§ INPUT:
------------

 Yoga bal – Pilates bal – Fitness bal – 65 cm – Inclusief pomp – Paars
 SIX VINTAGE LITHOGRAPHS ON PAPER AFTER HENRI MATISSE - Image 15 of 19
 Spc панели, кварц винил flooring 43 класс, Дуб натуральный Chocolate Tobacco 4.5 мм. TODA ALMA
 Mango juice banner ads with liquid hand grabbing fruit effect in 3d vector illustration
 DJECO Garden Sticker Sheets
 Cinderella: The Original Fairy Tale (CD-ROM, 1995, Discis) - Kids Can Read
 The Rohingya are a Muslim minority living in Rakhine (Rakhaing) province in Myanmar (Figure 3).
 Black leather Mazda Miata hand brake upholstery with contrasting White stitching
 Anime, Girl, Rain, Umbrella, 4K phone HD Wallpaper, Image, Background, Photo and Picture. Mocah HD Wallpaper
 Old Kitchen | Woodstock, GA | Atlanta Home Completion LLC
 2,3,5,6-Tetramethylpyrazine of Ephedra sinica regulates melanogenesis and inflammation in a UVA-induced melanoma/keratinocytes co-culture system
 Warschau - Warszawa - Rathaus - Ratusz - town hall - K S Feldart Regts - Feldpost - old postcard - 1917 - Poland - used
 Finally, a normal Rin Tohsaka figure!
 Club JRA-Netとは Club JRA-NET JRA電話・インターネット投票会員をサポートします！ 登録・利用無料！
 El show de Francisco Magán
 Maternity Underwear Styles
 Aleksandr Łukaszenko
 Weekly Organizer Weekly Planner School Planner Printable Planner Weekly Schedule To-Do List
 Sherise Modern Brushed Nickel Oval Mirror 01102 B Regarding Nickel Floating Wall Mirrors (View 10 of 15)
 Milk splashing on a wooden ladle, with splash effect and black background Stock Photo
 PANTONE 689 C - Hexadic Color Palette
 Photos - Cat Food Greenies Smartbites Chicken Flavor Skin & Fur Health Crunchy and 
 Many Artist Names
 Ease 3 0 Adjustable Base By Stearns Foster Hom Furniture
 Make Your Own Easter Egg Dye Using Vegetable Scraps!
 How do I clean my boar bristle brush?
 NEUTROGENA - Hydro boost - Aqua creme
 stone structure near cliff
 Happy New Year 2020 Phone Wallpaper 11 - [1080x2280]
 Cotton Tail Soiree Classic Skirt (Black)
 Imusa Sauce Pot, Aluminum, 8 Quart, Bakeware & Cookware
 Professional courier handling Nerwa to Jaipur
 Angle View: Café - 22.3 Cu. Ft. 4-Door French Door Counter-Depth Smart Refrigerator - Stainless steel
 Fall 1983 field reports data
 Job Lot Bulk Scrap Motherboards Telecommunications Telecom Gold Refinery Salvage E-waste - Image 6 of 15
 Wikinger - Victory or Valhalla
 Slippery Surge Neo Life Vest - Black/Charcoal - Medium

------------

Reproduce the records above exactly, character for character.

§ RESPONSE AREA:
 Yoga bal – Pilates bal – Fitness bal – 65 cm – Inclusief pomp – Paars
 SIX VINTAGE LITHOGRAPHS ON PAPER AFTER HENRI MATISSE - Image 15 of 19
 Spc панели, кварц винил flooring 43 класс, Дуб натуральный Chocolate Tobacco 4.5 мм. TODA ALMA
 Mango juice banner ads with liquid hand grabbing fruit effect in 3d vector illustration
 DJECO Garden Sticker Sheets
 Cinderella: The Original Fairy Tale (CD-ROM, 1995, Discis) - Kids Can Read
 The Rohingya are a Muslim minority living in Rakhine (Rakhaing) province in Myanmar (Figure 3).
 Black leather Mazda Miata hand brake upholstery with contrasting White stitching
 Anime, Girl, Rain, Umbrella, 4K phone HD Wallpaper, Image, Background, Photo and Picture. Mocah HD Wallpaper
 Old Kitchen | Woodstock, GA | Atlanta Home Completion LLC
 2,3,5,6-Tetramethylpyrazine of Ephedra sinica regulates melanogenesis and inflammation in a UVA-induced melanoma/keratinocytes co-culture system
 Warschau - Warszawa - Rathaus - Ratusz - town hall - K S Feldart Regts - Feldpost - old postcard - 1917 - Poland - used
 Finally, a normal Rin Tohsaka figure!
 Club JRA-Netとは Club JRA-NET JRA電話・インターネット投票会員をサポートします！ 登録・利用無料！
 El show de Francisco Magán
 Maternity Underwear Styles
 Aleksandr Łukaszenko
 Weekly Organizer Weekly Planner School Planner Printable Planner Weekly Schedule To-Do List
 Sherise Modern Brushed Nickel Oval Mirror 01102 B Regarding Nickel Floating Wall Mirrors (View 10 of 15)
 Milk splashing on a wooden ladle, with splash effect and black background Stock Photo
 PANTONE 689 C - Hexadic Color Palette
 Photos - Cat Food Greenies Smartbites Chicken Flavor Skin & Fur Health Crunchy and 
 Many Artist Names
 Ease 3 0 Adjustable Base By Stearns Foster Hom Furniture
 Make Your Own Easter Egg Dye Using Vegetable Scraps!
 How do I clean my boar bristle brush?
 NEUTROGENA - Hydro boost - Aqua creme
 stone structure near cliff
 Happy New Year 2020 Phone Wallpaper 11 - [1080x2280]
 Cotton Tail Soiree Classic Skirt (Black)
 Imusa Sauce Pot, Aluminum, 8 Quart, Bakeware & Cookware
 Professional courier handling Nerwa to Jaipur
 Angle View: Café - 22.3 Cu. Ft. 4-Door French Door Counter-Depth Smart Refrigerator - Stainless steel
 Fall 1983 field reports data
 Job Lot Bulk Scrap Motherboards Telecommunications Telecom Gold Refinery Salvage E-waste - Image 6 of 15
 Wikinger - Victory or Valhalla
 Slippery Surge Neo Life Vest - Black/Charcoal - Medium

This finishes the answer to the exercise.